Growth in defense spending has tracked fairly closely with the expansion of the Chinese economy as a whole, and even more closely with the increase in overall government spending. It is perhaps natural that leaders of a rapidly growing economy will look to have commensurate military capabilities. Japan’s defense budget grew rapidly during its bubble years, as has South Korea’s more recently. China’s defense spending as a percentage of GDP is not particularly high, and I would be hesitant to infer too much about Chinese intentions from growth in its military budget alone, given the growth of China’s economy as a whole. 

That said, it is also clear that the combination of growing Chinese military power and a growing willingness to assert its prerogatives forcefully has prompted great unease throughout the region. Unless Beijing moderates its behavior, Chinese international behavior has the potential trigger regional balancing and arms racing that could not only undermine regional stability, but also endanger China’s own long-term strategic interests. China will need to do more, rather than less, to reassure neighbors as its power grows, but its behavior indicates that it may instead look to achieve longstanding objectives at the expense of others. 


KH: Many say China's announcement of defense budgets is not transparent.
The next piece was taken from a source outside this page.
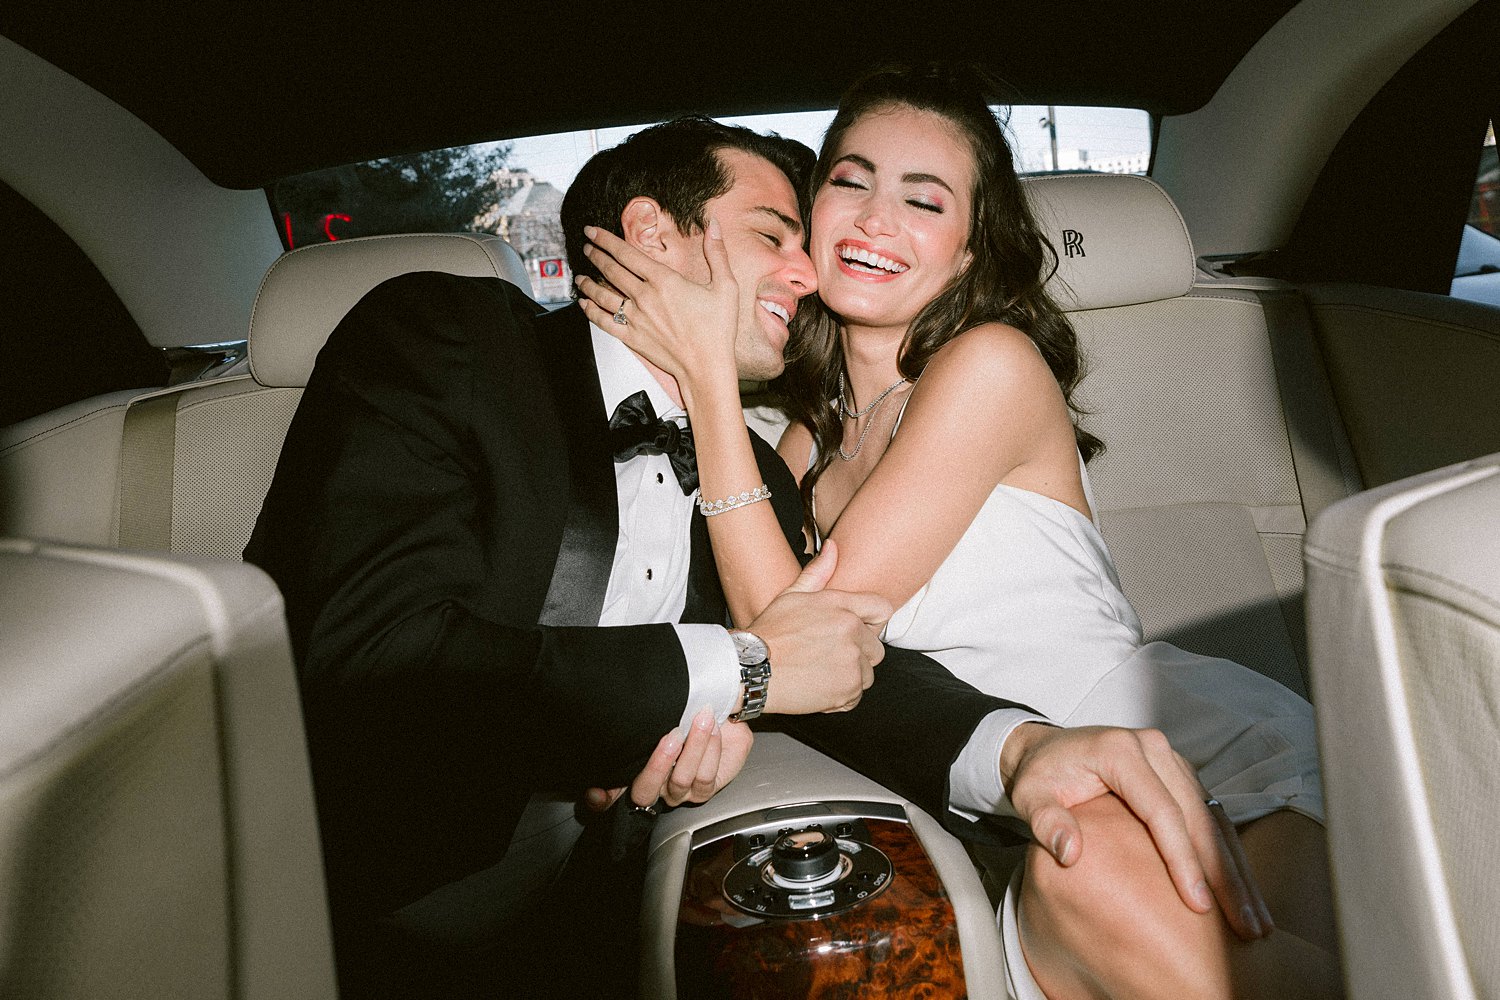 man in black tuxedo with woman in white dress sitting in car laughing

What is your take on this? 
Heginbotham: China’s reporting on defense spending clearly lags behind that of most advanced democratic states in terms of transparency. Most Western analysts suspect that Chinese reporting understates actual military-related spending. While this is true, it should be noted that few if any defense budgets – even in the West – fully reflect defense-related expenditures. In the United States, for example, budgets for veterans’ affairs, intelligence, and some military-related nuclear programs are not included in the defense budget, though data on them may be found in other parts of the federal budget. 
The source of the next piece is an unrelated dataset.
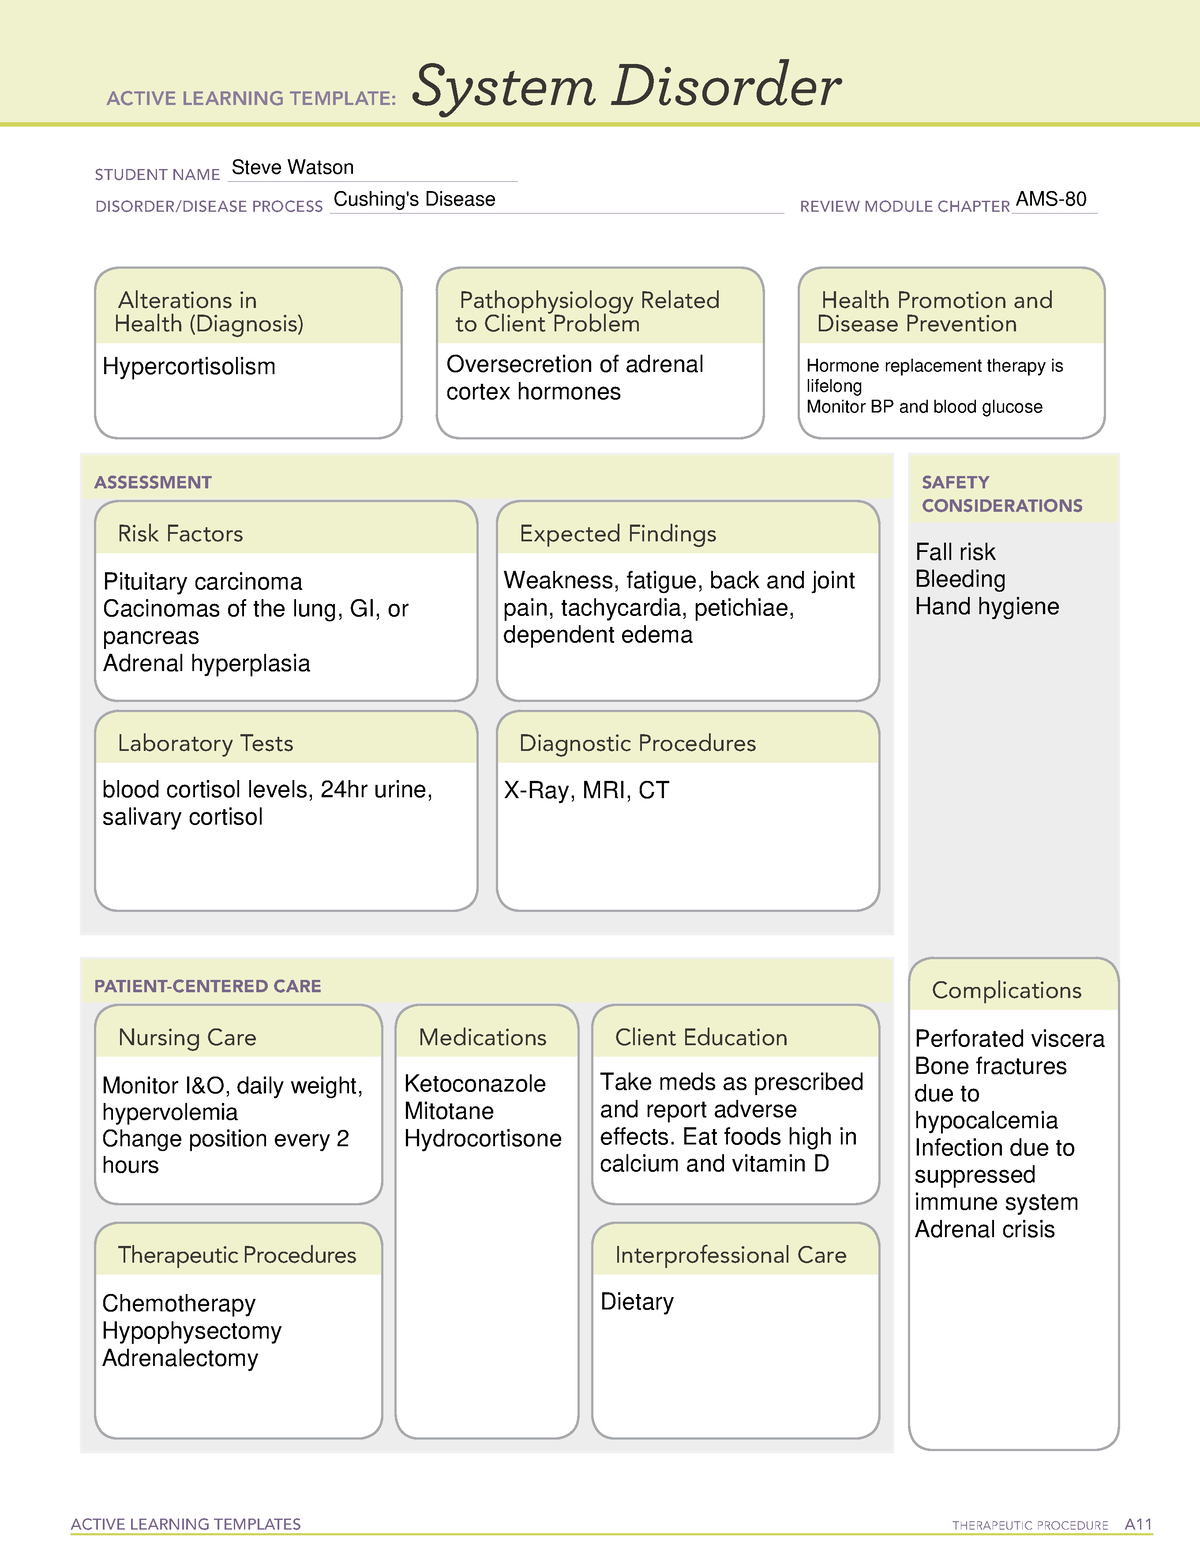 cushing-s-disease-med-sheets-for-ati-assignments-for-fall-2021-active-learning-templates-studocu

Some elements of Chinese defense-related expenditures, such as spending on paramilitary forces, can be found in other parts of China’s published budget.  Other components, such as subsidies for defense-related research, can only be estimated based on larger categories of expenditures on science and technology. Greater transparency would not only give outside observers a better sense of China’s priorities – and the rationale for modernization – but they would also reassure the outside world that Chinese civilian leaders and analysts have an understanding PLA direction, a necessary though not sufficient condition for exercising effective oversight. 

KH: Do you think that the balance of military power in Asia is really shifting toward China from the U.S.? If not, how long will it take for China to be on equal footing with the U.S.?
Heginbotham
: China has been making steady and relatively rapid relative gains vis-a-vis the United States. These gains are not uniform across the different military domains, and the United States has maintained its lead more comfortably and decisively in some areas than others. But the erosion of U.S. dominance has nevertheless been widespread and significant.  
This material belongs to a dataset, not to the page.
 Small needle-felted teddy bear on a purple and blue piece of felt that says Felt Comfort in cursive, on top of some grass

In terms of aggregate capabilities, China will not be able to overtake the United States for decades, if it ever reaches such a point. If a military conflict were to take place at an equal distance from both countries, the United States would hold overwhelming advantages for the foreseeable future. But China has already acquired capabilities that would enable it to challenge the United States in areas close to China, and the risks and costs associated with potential conflicts in East Asia will likely continue to grow for U.S. forces in the years ahead.

Given Taiwan’s proximity to China, as well as its small size and lack of strategic depth, Taiwan-related contingencies would be among the most difficult for U.S. forces. In a hypothetical Taiwan scenario, the PLA would likely be able to contest air and maritime superiority at the outset of the conflict, and it might inflict losses on the United States unlike any the latter has seen in recent decades. The Chinese military could employ ballistic and cruise missiles to damage U.S. air bases and other critical facilities; it could flush submarines and sortie cruise-missile-armed bombers to hold U.S. carriers at bay; and it could employ combat aircraft -- which now includes roughly 800 fourth-generation, or modern, fighter aircraft -- to contest air superiority and launch follow-up strikes against key targets.  

To be clear, U.S. forces would almost certainly prevail in a Taiwan scenario today -- especially if a conflict became protracted. The U.S. military has tremendous residual strengths and could redeploy forces from elsewhere to make good initial losses. 

Amphibious landing operations are notoriously complex and hazardous, and in any Chinese attempt to take the island by force, its amphibious fleet would face ferocious and unforgiving attacks by U.S. submarine and air forces. Blockading Taiwan might be somewhat easier, but a blockade would, by definition, require sustained operations, and the PLA would have great difficulties supporting such efforts.  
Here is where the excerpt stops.